Des Modernes dans les vignes

Editorial du numéro 18/2018

Dans le cadre du festival bisannuel Vevey Images, qui confronte l’art à l’environnement urbain et au paysage, l’association Villa «Le Lac» Le Corbusier a demandé à l’artiste autrichien Erwin Wurm de créer une installation dans la «petite maison» construite en 1923 à Corseau. Le visiteur est invité, par une instruction précise, à pénétrer un bras, un pied ou sa tête dans le trou découpé dans des répliques des tables, buffets et tabourets conçus par l’architecte. Corps et objet se confondent. Ensemble, ils deviennent une sculpture hybride.

Dans le même festival, Wurm dévoile une étonnante maison, tellement étroite que les visiteurs doivent se contorsionner pour en parcourir les couloirs. Dans ses «One Minute Sculptures», il questionne notre rapport aux objets du quotidien, en demandant littéralement à ses sujets de devenir des meubles. L’exercice permet aux visiteurs de ressentir, le temps d’une pause, le travail qu’exerce un objet, d’éprouver la condition de ces artefacts qui nous accompagnent au quotidien.

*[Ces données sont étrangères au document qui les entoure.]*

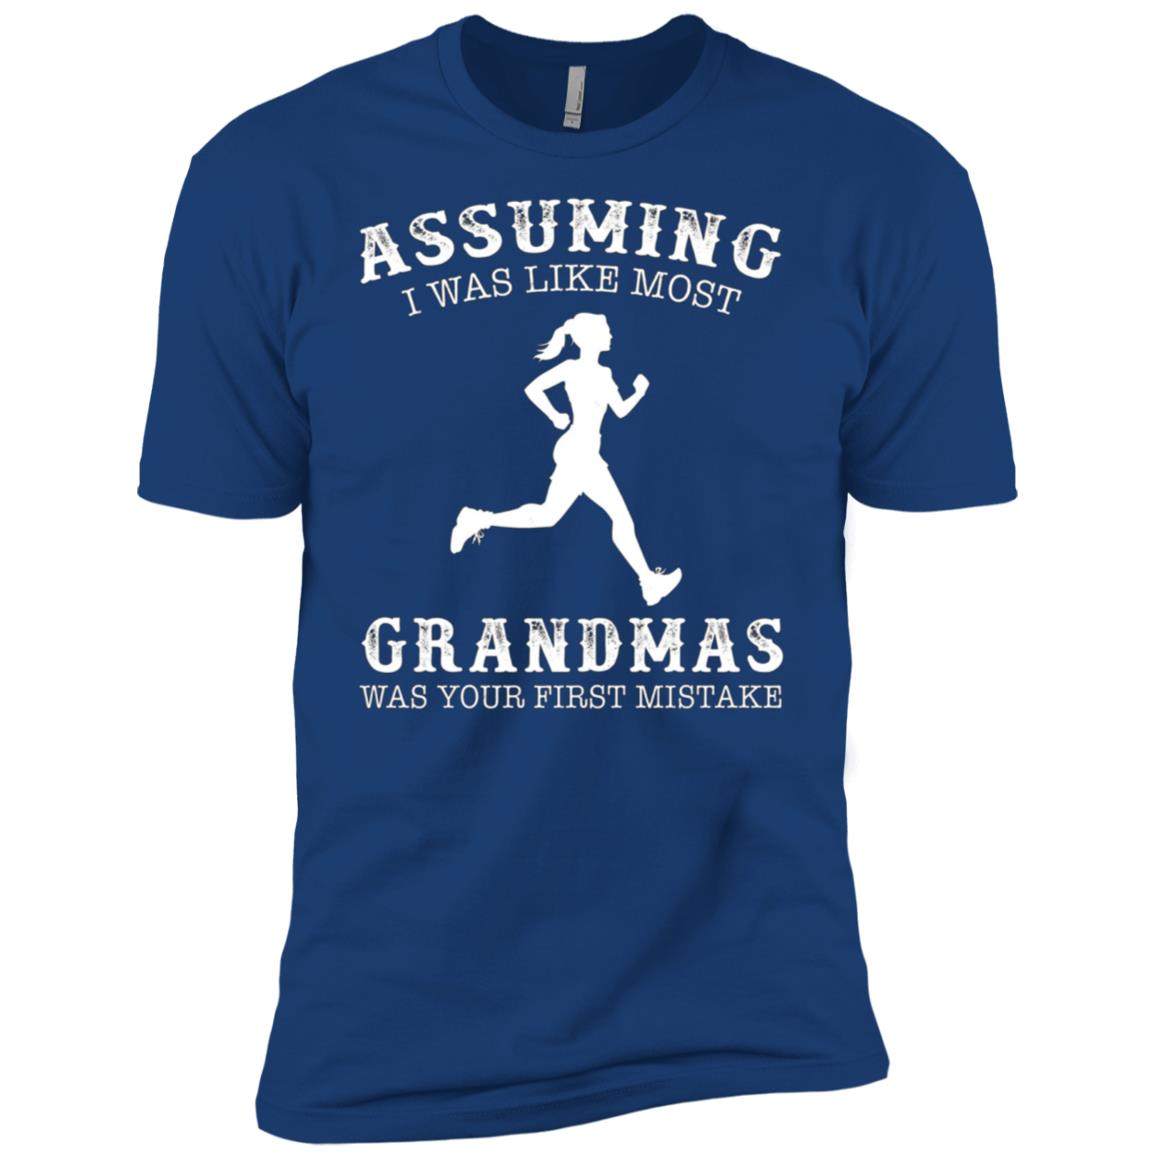 Assuming i was like most grandmas was first mistake Running Men Short Sleeve T-Shirt

Ludique, loufoque, énigmatique, la démarche de Wurm nous rappelle toutefois combien nous construisons notre environnement en même temps que celui-ci nous construit. Dans le jardin de la villa «Le Lac», c’est bien le trou qui importe, celui percé dans le mur, et qui crée une relation entre sujet et paysage.

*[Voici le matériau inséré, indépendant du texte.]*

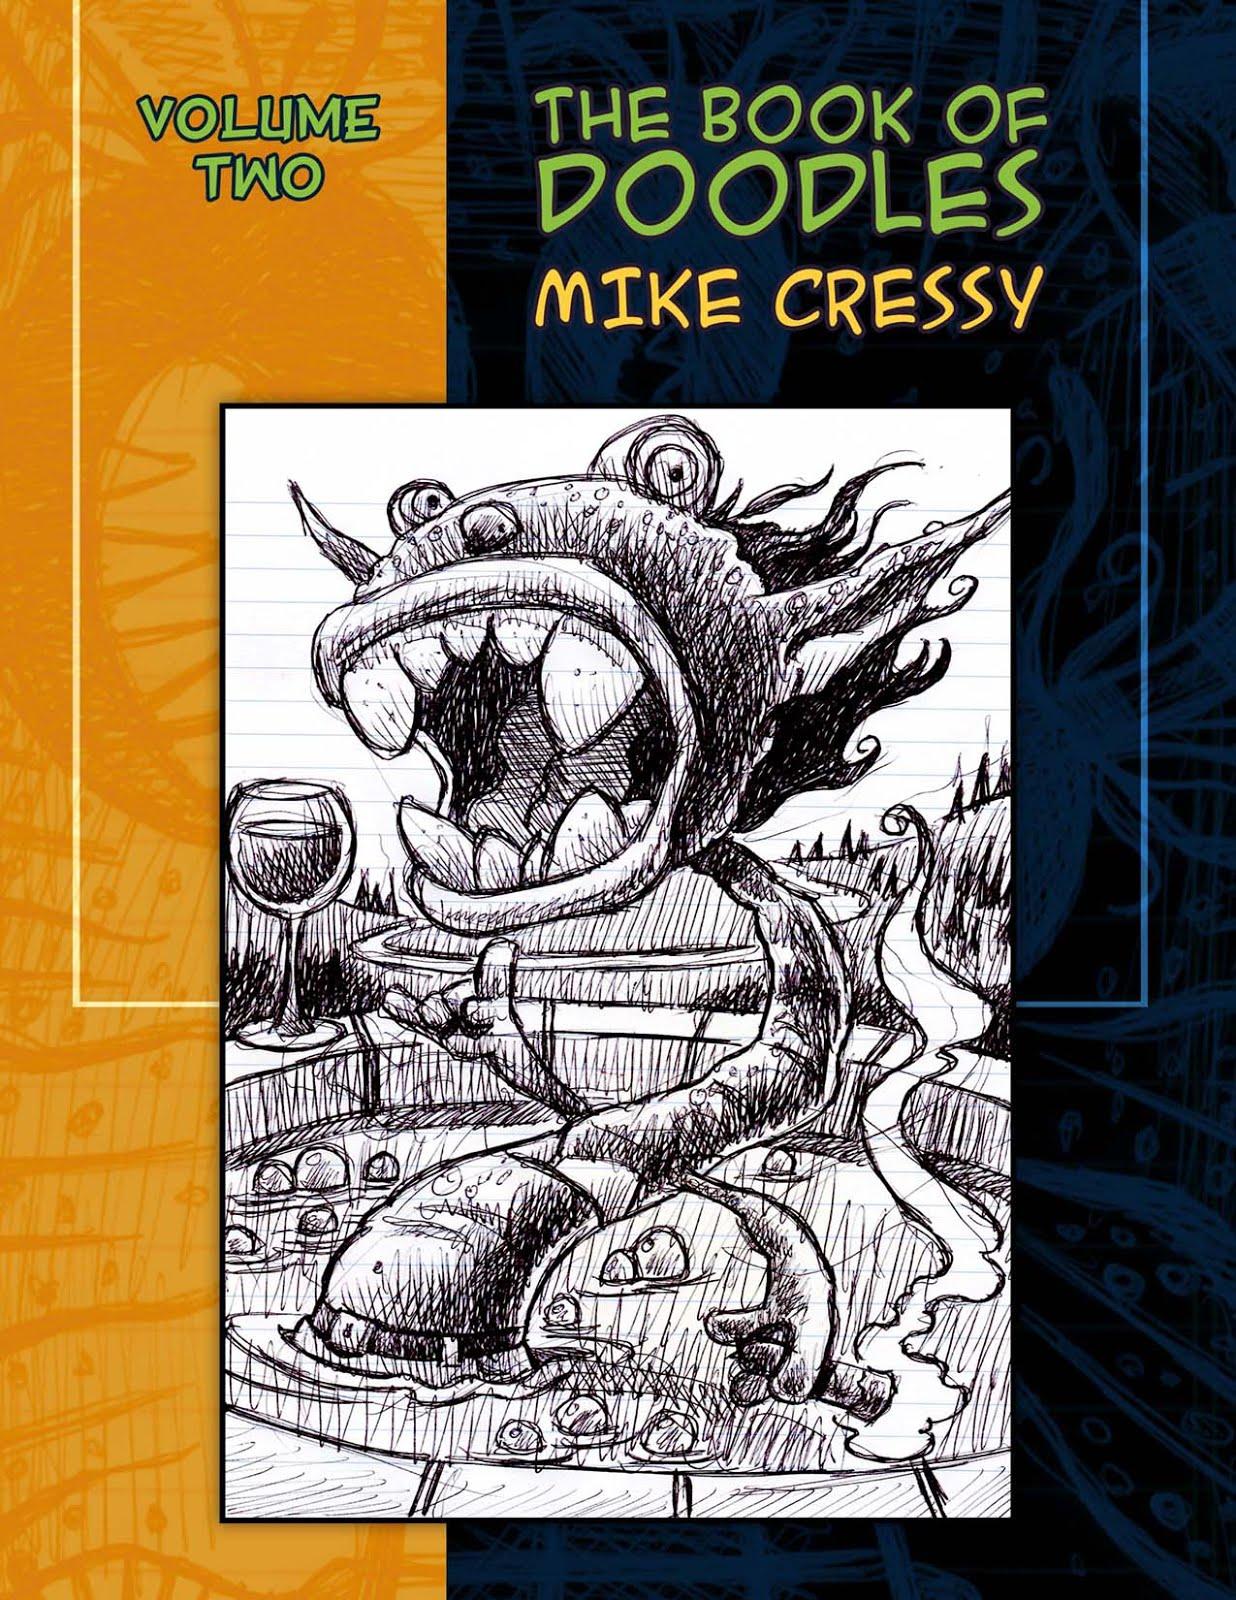 The Book of Doodles Vol 2

Les contributions de ce cahier abordent la modernité comme une recherche permanente (et non comme un patrimoine figé). Les objets dont il est question sont constamment réévalués, en particulier par le rapport au corps. C’est le cas de l’appartement-atelier de Le Corbusier, dans lequel celui-ci teste lui-même sa définition de la domesticité, fait grandir ses conceptions, comme un escargot sa coquille. C’est le cas d’Alberto Sartoris, qui emploie les couleurs, non pas pour elles-mêmes, mais bien pour modifier la perception d’un espace. C’est le cas, enfin, de la réalisation de Peter Märkli pour la cave Fin Bec, qui cale ses proportions à la mesure du corps, de l’œil, et du paysage avec lequel il compose.

Les vignobles vaudois et valaisans, avec leur parfum d’Arcadie, offrent un cadre idéal pour apprécier ces leçons simples.

Bonne lecture!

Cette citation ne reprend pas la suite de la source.